Unless there is some very expensive processing involved to generate ‘dst’ from ‘src’, such code will be memory bound. By all means use the CUDA profiler to confirm instead of relying on handwaving.

The process of adding more work-items per thread can improve performance by

1. reducing registers per work-item as two work-items in the same thread may share common values, or
3. potentially eliminating tail effect in a thread block.

A simple vector that is memory throughput limited does not benefit from any of the above optimizations. For this code the SM will be at maximum occupancy, all warps will be stalled on memory loads (long_scoreboard), and the SM math pipelines will be mostly idle.

@njuffa One more question about the code you provided:

``````int stride = gridDim.x * blockDim.x;
int tid = blockDim.x * blockIdx.x + threadIdx.x;
for (int i = tid; i < len; i += stride) {
dst[i] = ...  src[i];
}
``````

It seems that (i + stride) is guaranteed to exceed the maximum index, right? (cause stride = total # threads)
So why write a for loop here if this loop body will always be executed once?

Thanks~

It’s a grid-stride loop, and the assumption is that it may be used in the case where the total number of threads launched is less than the size of the dataset.
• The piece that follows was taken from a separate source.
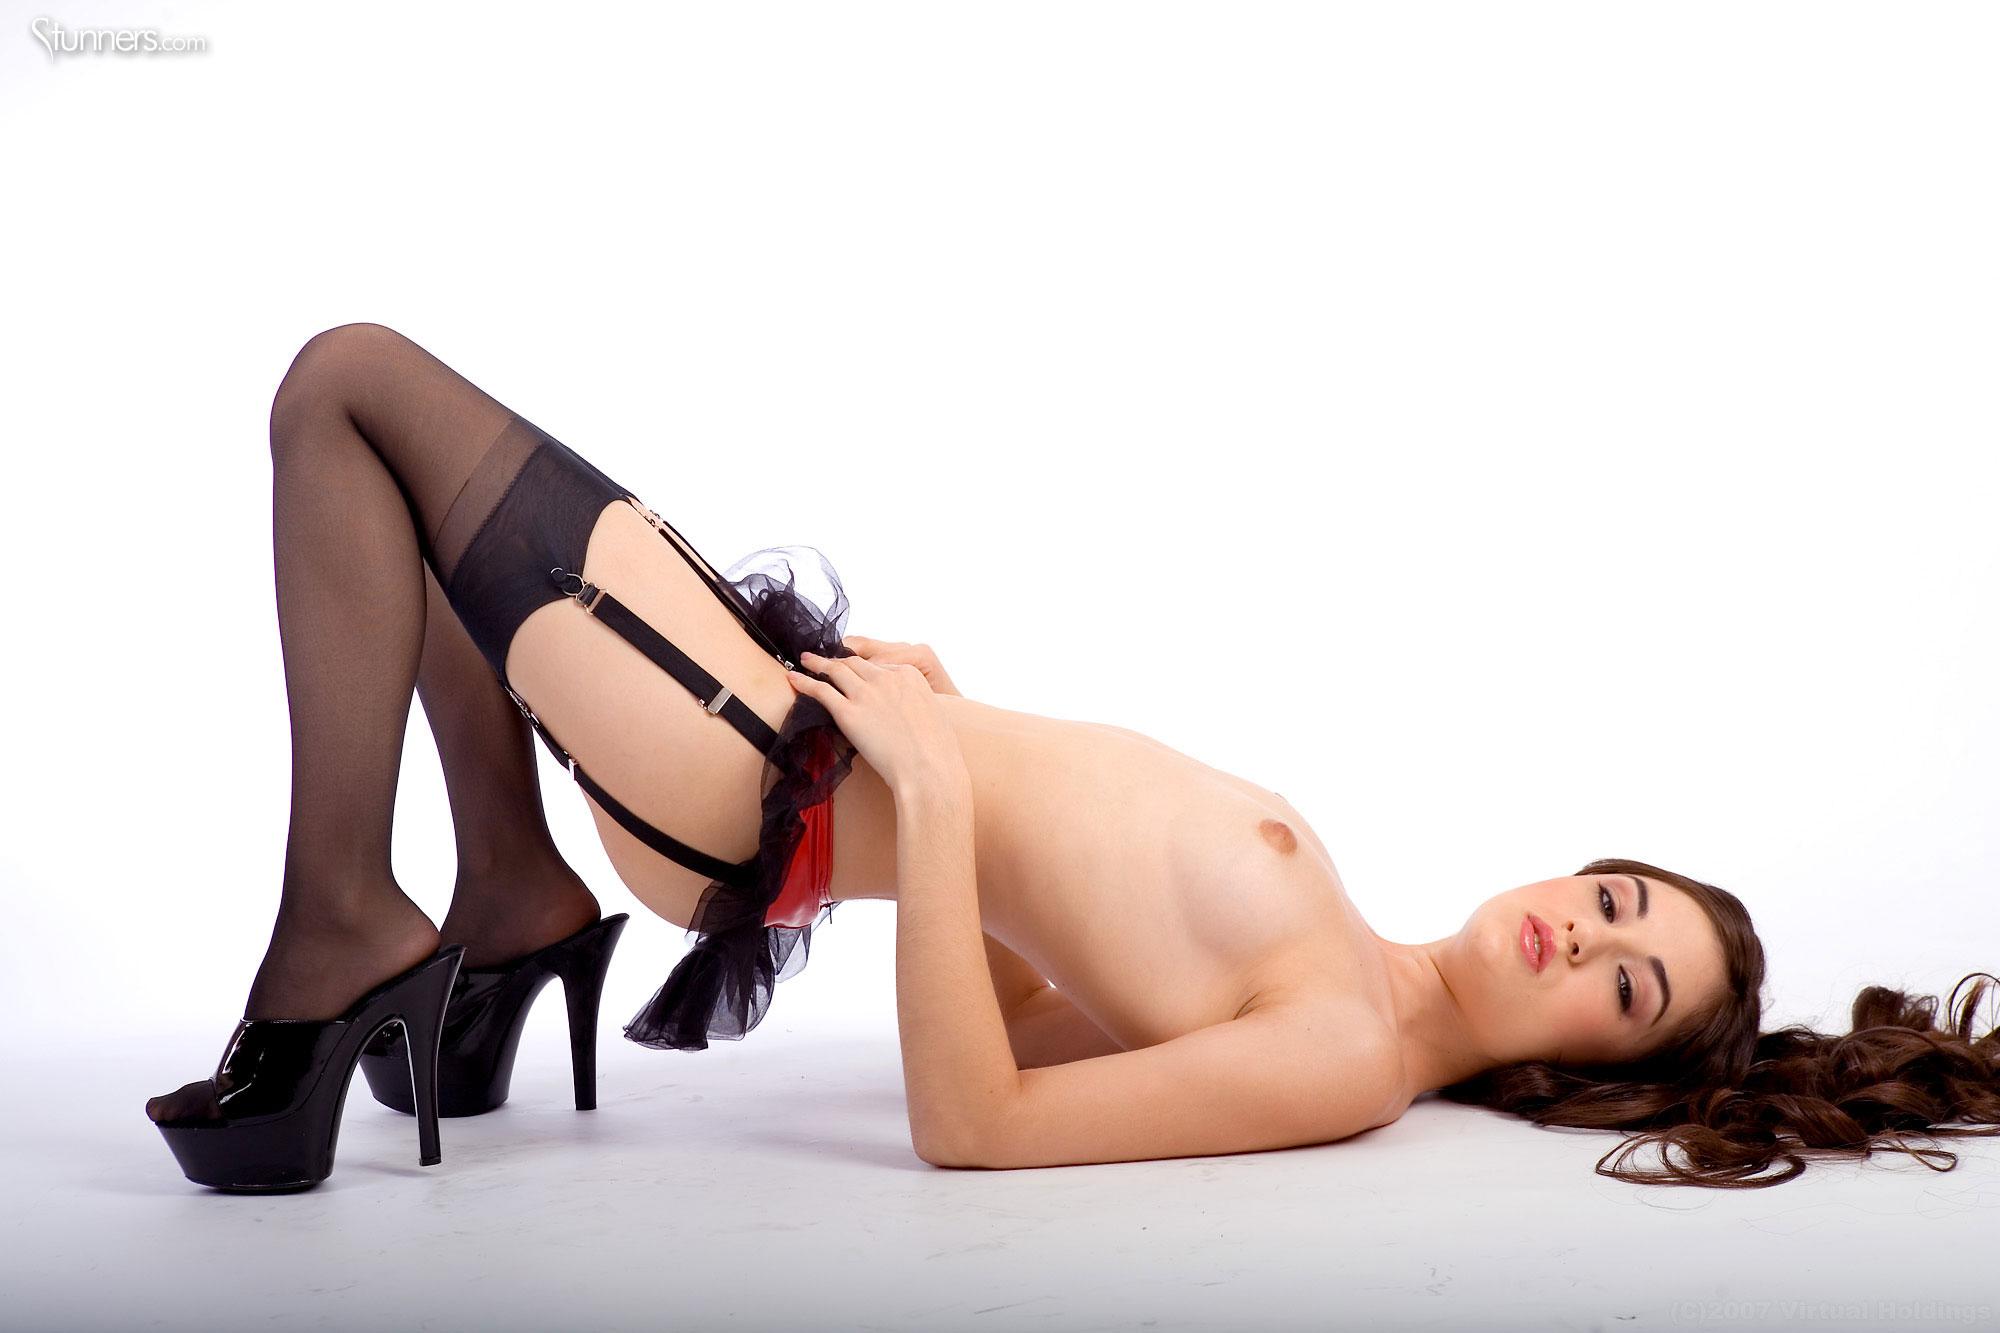 Саша грей и алексис техас порно 28 фотография

In that case, the loop will iterate more than once (at least for some threads).

https://devblogs.nvidia.com/cuda-pro-tip-write-flexible-kernels-grid-stride-loops/

The idiom you used in your code assumes that the number of threads is >= the number of array elements. The idiom I provided accounts for the fact that a kernel may have to handle more array elements than there are threads. In that case this loop is actually going to run through more than one iteration.

Out-of-bounds accesses are prevented by the condition “i < len”, where “len” is the number of elements in the 1D-array that is being traversed, and “i” is the index into the array.